Ochi Kento, Kamiura Moto
Graduate School of Science and Engineering, Tokyo Denki University, Japan.
Graduate School of Science and Engineering, Tokyo Denki University, Japan; School of Science and Engineering, Tokyo Denki University, Japan; Research Institute of Electrical Communication, Tohoku University, Japan.
Biosystems. 2015 Sep;135:55-65. doi: 10.1016/j.biosystems.2015.06.009. Epub 2015 Jul 10.

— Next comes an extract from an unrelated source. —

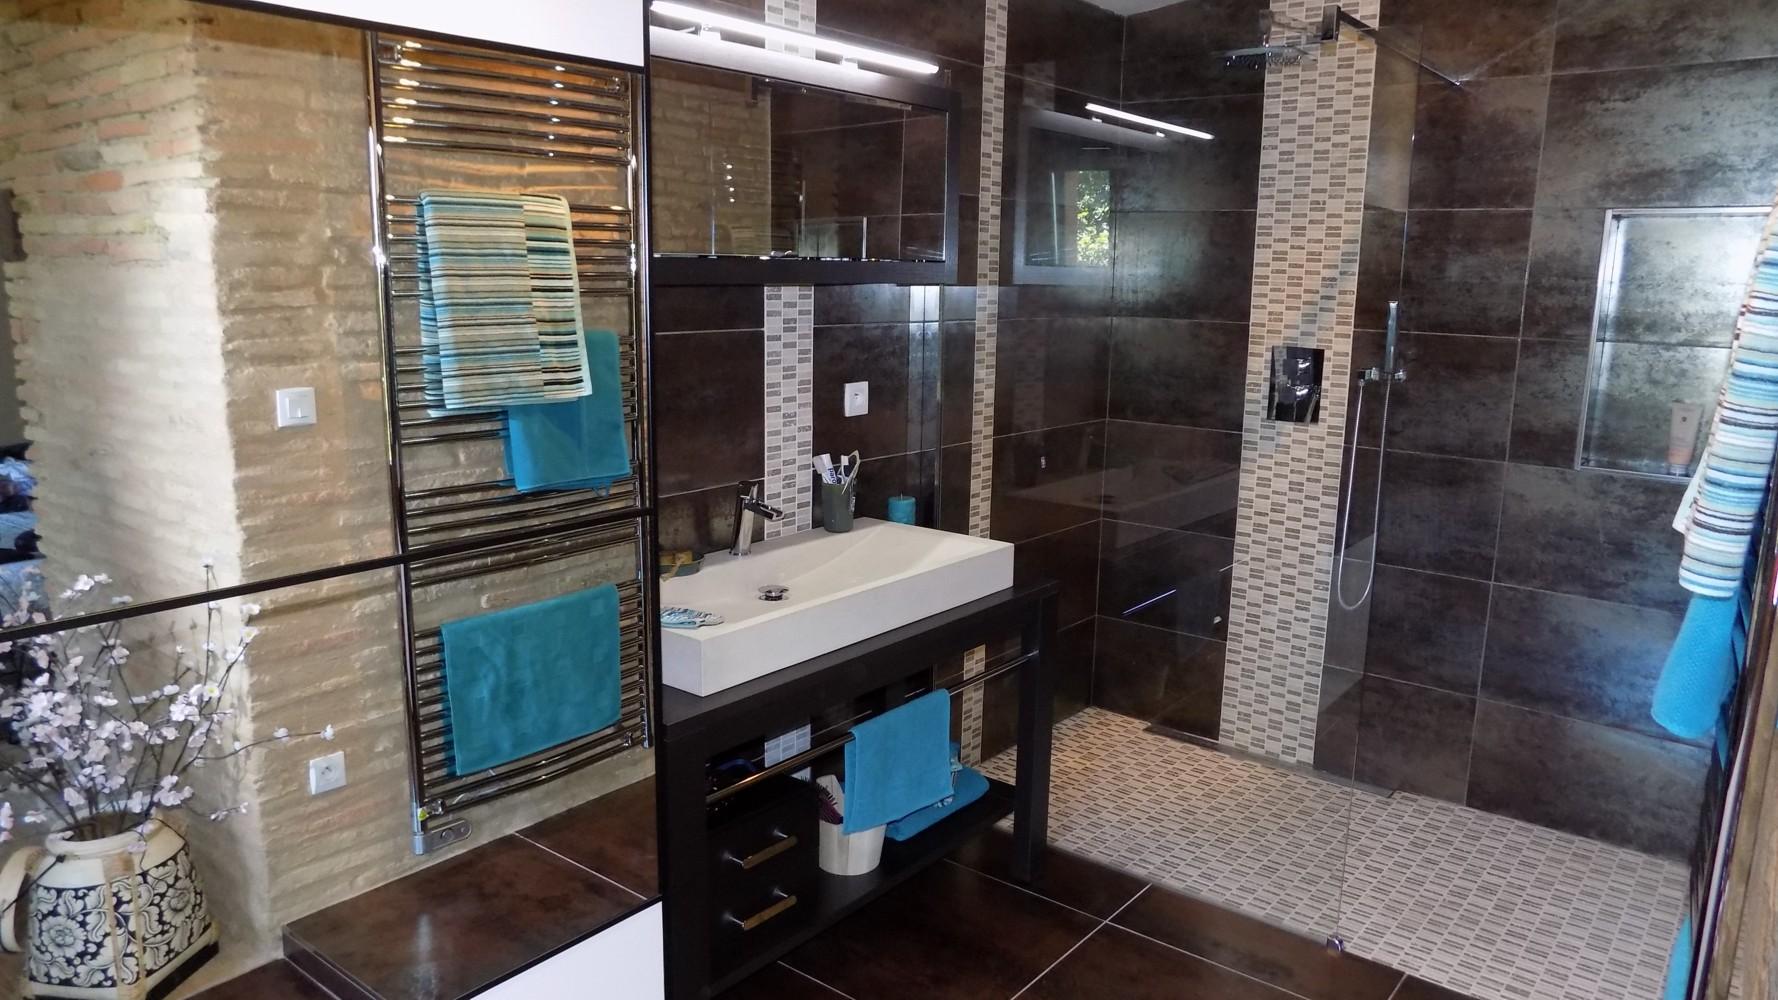 Renovation Salle de bain Douche italienne - Artisan Maçon ...

A multi-armed bandit problem is a search problem on which a learning agent must select the optimal arm among multiple slot machines generating random rewards. UCB algorithm is one of the most popular methods to solve multi-armed bandit problems. It achieves logarithmic regret performance by coordinating balance between exploration and exploitation. Since UCB algorithms, researchers have empirically known that optimistic value functions exhibit good performance in multi-armed bandit problems. The terms optimistic or optimism might suggest that the value function is sufficiently larger than the sample mean of rewards. The first definition of UCB algorithm is focused on the optimization of regret, and it is not directly based on the optimism of a value function. We need to think the reason why the optimism derives good performance in multi-armed bandit problems. In the present article, we propose a new method, which is called Overtaking method, to solve multi-armed bandit problems. The value function of the proposed method is defined as an upper bound of a confidence interval with respect to an estimator of expected value of reward: the value function asymptotically approaches to the expected value of reward from the upper bound. If the value function is larger than the expected value under the asymptote, then the learning agent is almost sure to be able to obtain the optimal arm. This structure is called sand-sifter mechanism, which has no regrowth of value function of suboptimal arms. It means that the learning agent can play only the current best arm in each time step. Consequently the proposed method achieves high accuracy rate and low regret and some value functions of it can outperform UCB algorithms. This study suggests the advantage of optimism of agents in uncertain environment by one of the simplest frameworks.
多臂赌博机问题是一种搜索问题,学习智能体必须在多个产生随机奖励的老虎机中选择最优的拉杆。UCB算法是解决多臂赌博机问题最流行的方法之一。它通过协调探索与利用之间的平衡实现对数遗憾性能。自UCB算法出现以来,研究人员通过经验发现乐观值函数在多臂赌博机问题中表现良好。乐观或乐观主义这些术语可能意味着值函数比奖励的样本均值足够大。UCB算法的第一个定义侧重于遗憾的优化,它不是直接基于值函数的乐观性。我们需要思考为什么乐观性在多臂赌博机问题中能带来良好性能。在本文中,我们提出一种新方法,称为超越方法,用于解决多臂赌博机问题。所提方法的值函数被定义为关于奖励期望值估计器的置信区间的上界:该值函数从上方渐近地趋近于奖励的期望值。如果值函数在渐近线之下大于期望值,那么学习智能体几乎肯定能够获得最优拉杆。这种结构被称为筛沙机制,次优拉杆的值函数不会再增长。这意味着学习智能体在每个时间步只能玩当前最优的拉杆。因此,所提方法实现了高精度率和低遗憾,并且其一些值函数可以优于UCB算法。本研究通过最简单的框架之一揭示了智能体在不确定环境中乐观性的优势。